Hounslow Council has labelled the government’s asylum system ‘a failure by design’ as local authorities across the country are forced to take on refugees that ‘fall through the cracks’. Leader Shantanu Rajawat has launched a scathing criticism of the Home Office’s handling of asylum seekers in light of a council report looking into the health and well-being of those still waiting for refugee status living in the borough.

The nearly 50-page report explores the physical and mental impact that living in hotels (sometimes for several years) and with the stigmatised status of ‘asylum seeker’ has had on those coming to the UK who are often vulnerable, a large proportion being children. The report speaks of the sometimes dire conditions asylum seekers live in while awaking approval to remain in the UK.

This includes cramped living spaces, poor food nutrition, lack of privacy, poor health care and mother and baby provision, no safe, healthy outdoor spaces for children to play, poor integration with the community, and having to share rooms with strangers. The impacts of these conditions have been found to have caused physical and mental harm as well as safeguarding issues, including depression, suicidal thoughts, gestational diabetes due to poor nutrition, and risk of domestic and/or sexual abuse.

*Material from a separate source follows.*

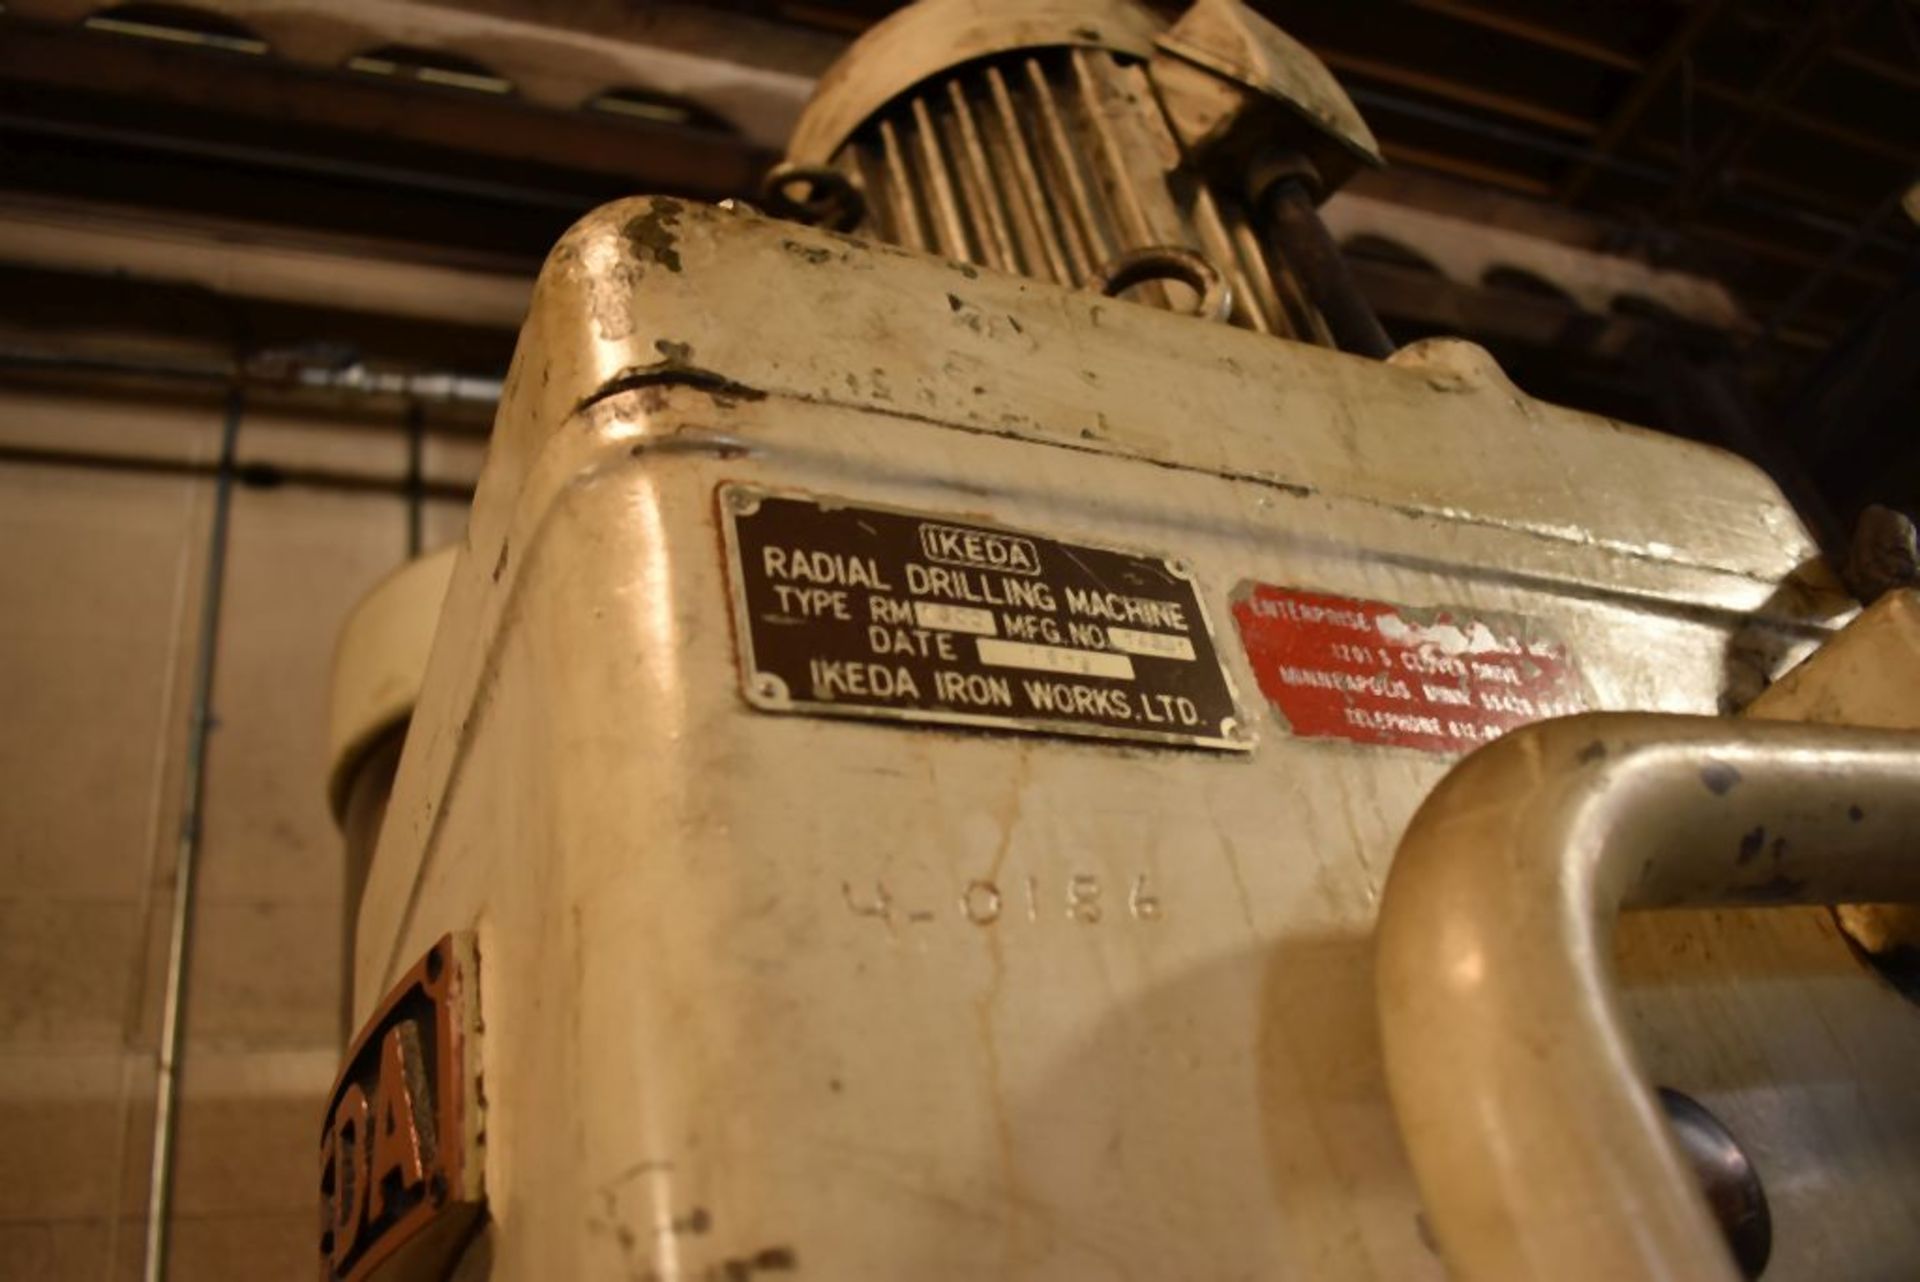 1975 IKEDA RADIAL ARM DRILL, MODEL RM-1300, S/N: 74331, 13" COLUMN x 60" ARM, 20" x 20" T-SLOT 90 - Image 3 of 3

Hounslow has the second-highest number of asylum seekers living in hotels in any local authority area in the country. During the research period of the report, there were around 2,302 people seeking asylum in Hounslow, nearly 70 per cent (1,591) of whom were living in hotels in the borough.

Speaking to Local Democracy Reporting Services Cllr Rajawat said that unsafe and unhealthy conditions as described in the report could be exacerbated by plans for the Home Office to increase hotel capacity. He said, “These are people fleeing destitution and really bad circumstances. They are put into hotels where the conditions are not great, the food, for example, isn’t something I would give my worst enemy let alone someone I want to support, those conditions are really really bad.

“Now the Home Office is talking about increasing capacity in hotels in Hounslow but as part of that putting two unrelated people in the same room, that is unsustainable and really really awful.”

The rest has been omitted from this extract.